После этого яркого возвращения в литературу в публикациях Анчарова наступило затишье почти на пять лет — до 1985 года. За это время он успевает дать несколько интервью, публикует рассказ «Лошадь на морозе» (1983-й — мы его упоминали в главе 7) и участвует в своем последнем авторском концерте. Поэтому прервемся с рассказом об анчаровской прозе и посмотрим, каковы были его отношения в те годы с песенным сообществом, к возникновению которого он как-никак имел самое непосредственное отношение.
Анчаров и авторская песня 1980-х
Проза Анчарова 1980-х имеет одно не сразу заметное отличие от предшествующей — она почти не содержит непременных ранее текстов песен, долженствующих иллюстрировать творчество героев. К тому времени потенциал старых песен он выбрал куда более чем полностью, отпустив их в свободное плавание на усмотрение телевидения и фирмы «Мелодия». И тем самым почти лишился авторства. Во время написания этой книги один «знаток» Анчарова спросил у авторов: так как правильно будет: «батальоны — встают или все спят? Труба — прокричала или заржавела?» И авторы не сразу поняли, что он имеет в виду искореженные самим Анчаровым варианты для «День за днем» на музыку И. Катаева, потому что им и в голову не приходило рассматривать их как альтернативные версии хорошо знакомых строф в авторском исполнении.
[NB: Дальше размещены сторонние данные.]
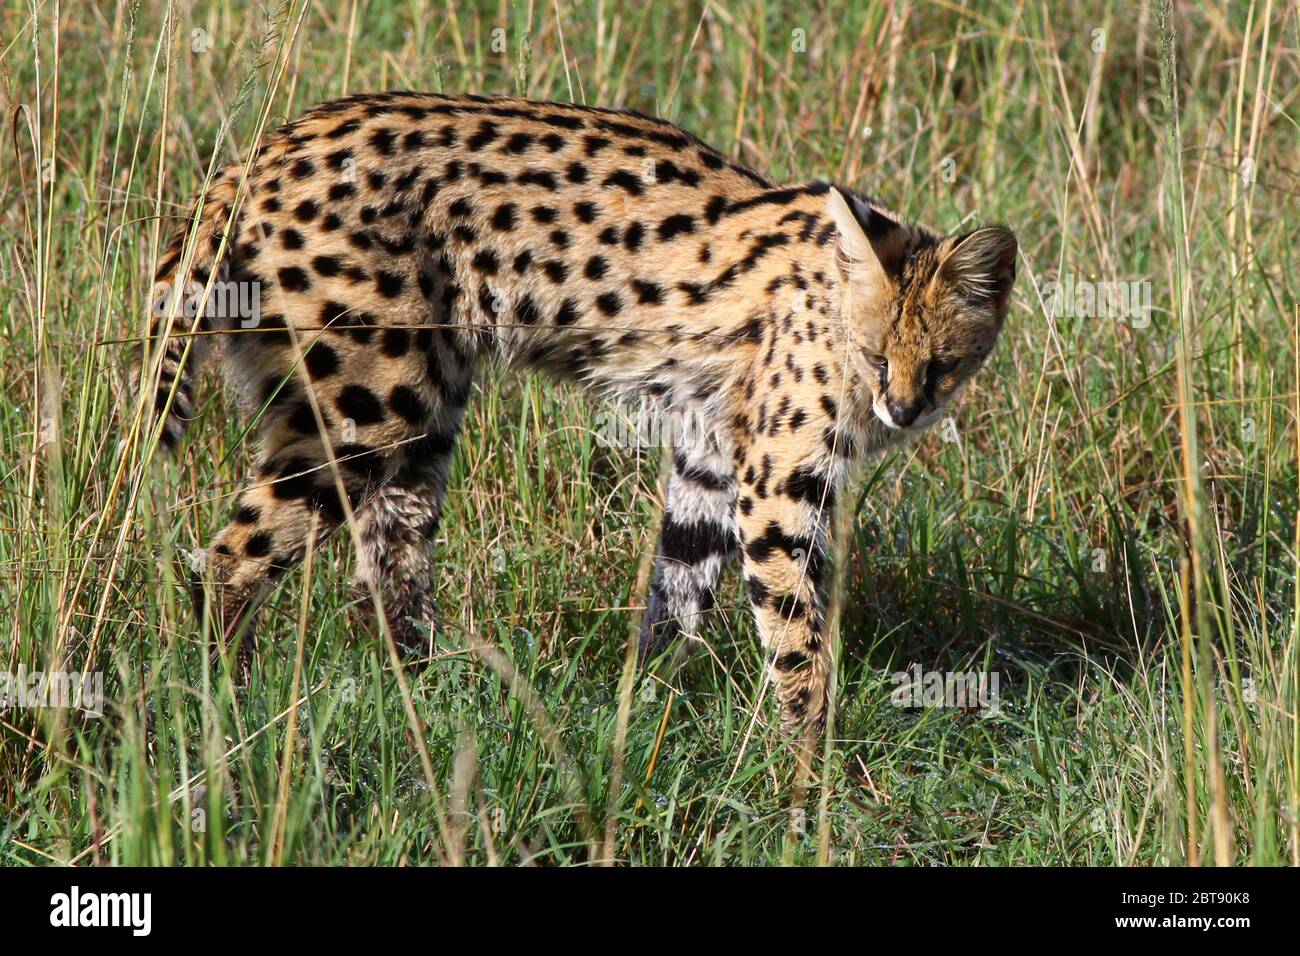 un petit chat sauvage tacheté, le serval, se faufile dans la grande herbe de la savane et recherche des proies Banque D'Images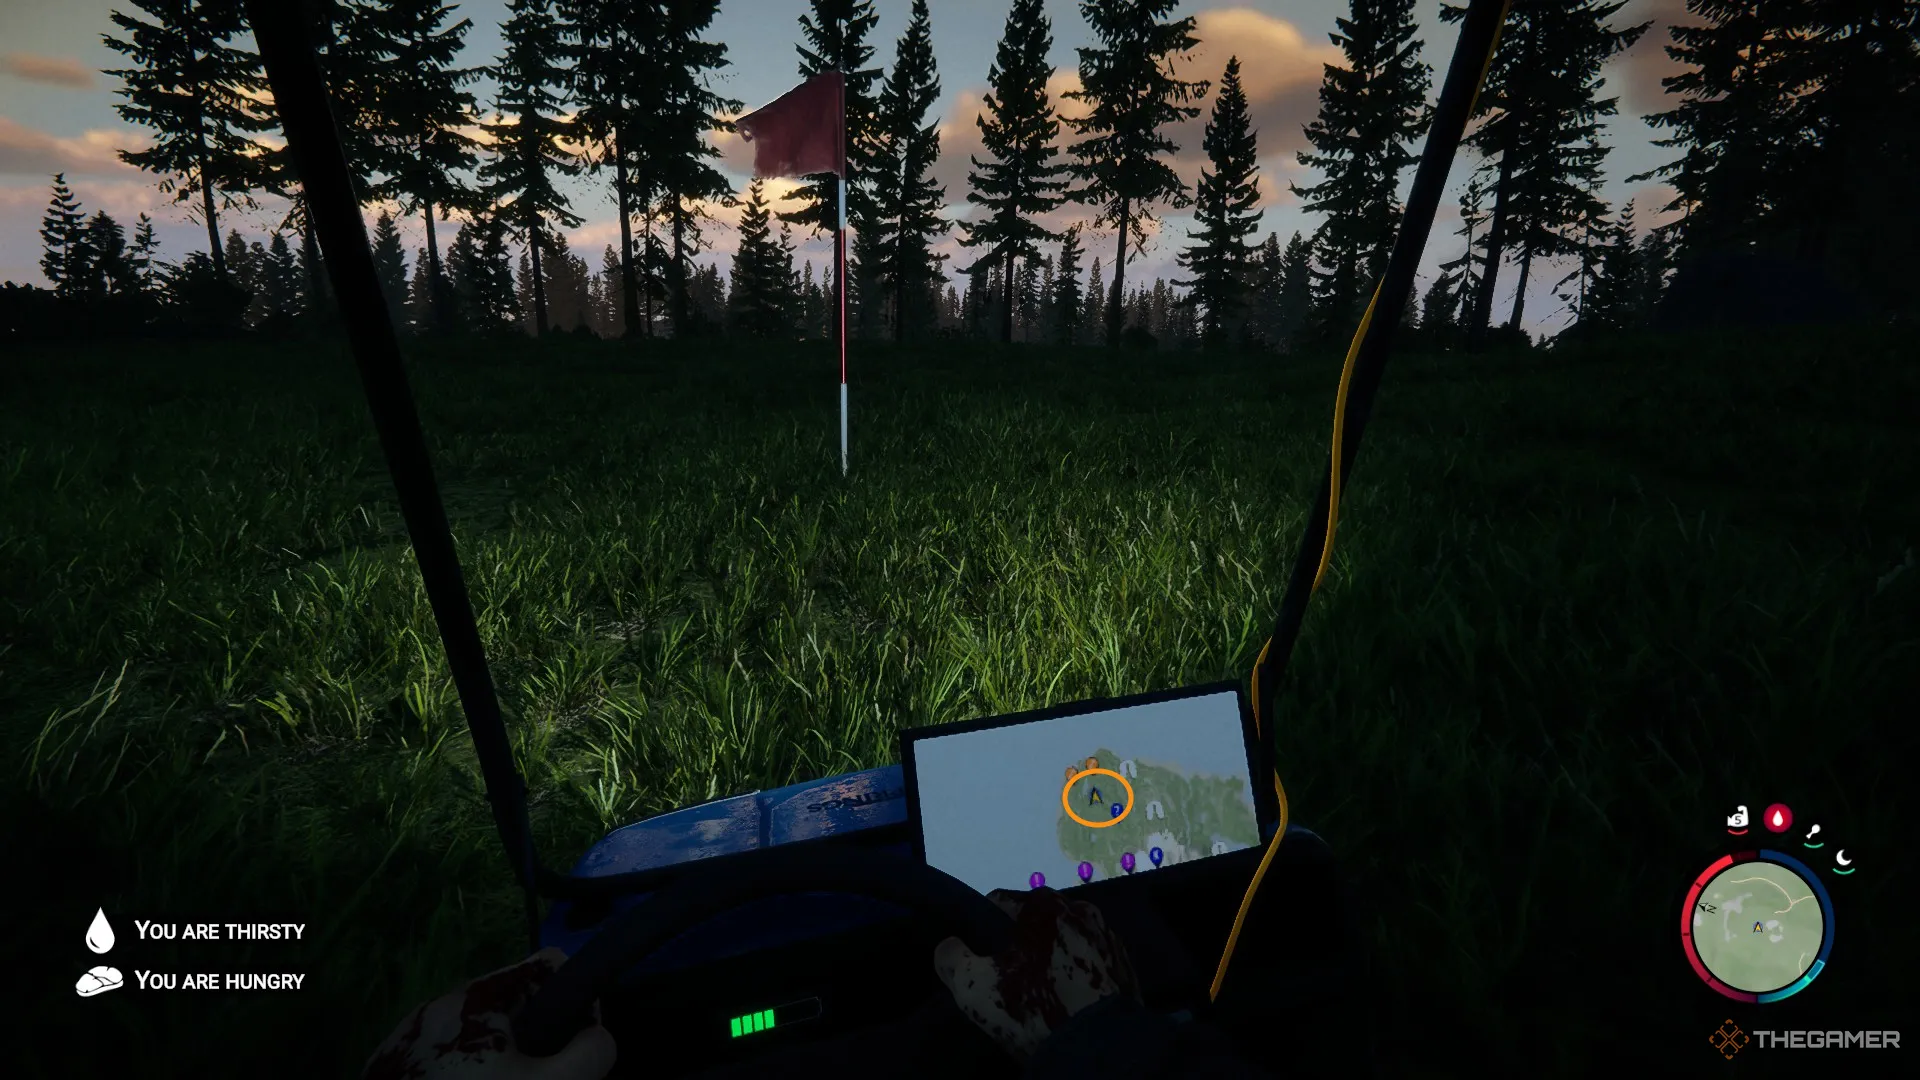 Скриншот из Sons of the Forest, показывающий игрового персонажа, сидящего в гольф-карте с включенными фарами, направленными на красный и белый гольф-флаг.

После такого, конечно, использовать эти старые песни еще раз — только портить текст произведений, а новых песен Анчаров больше практически не написал, если не считать столь ненавидимых им самим «подтекстовок» на чужую музыку и для чужого исполнения. Некоторые стихотворные вставки в прозу сохранятся, но это будут либо немногочисленные новые стихи, либо неизвестные ранее варианты старых (подробнее об этом далее).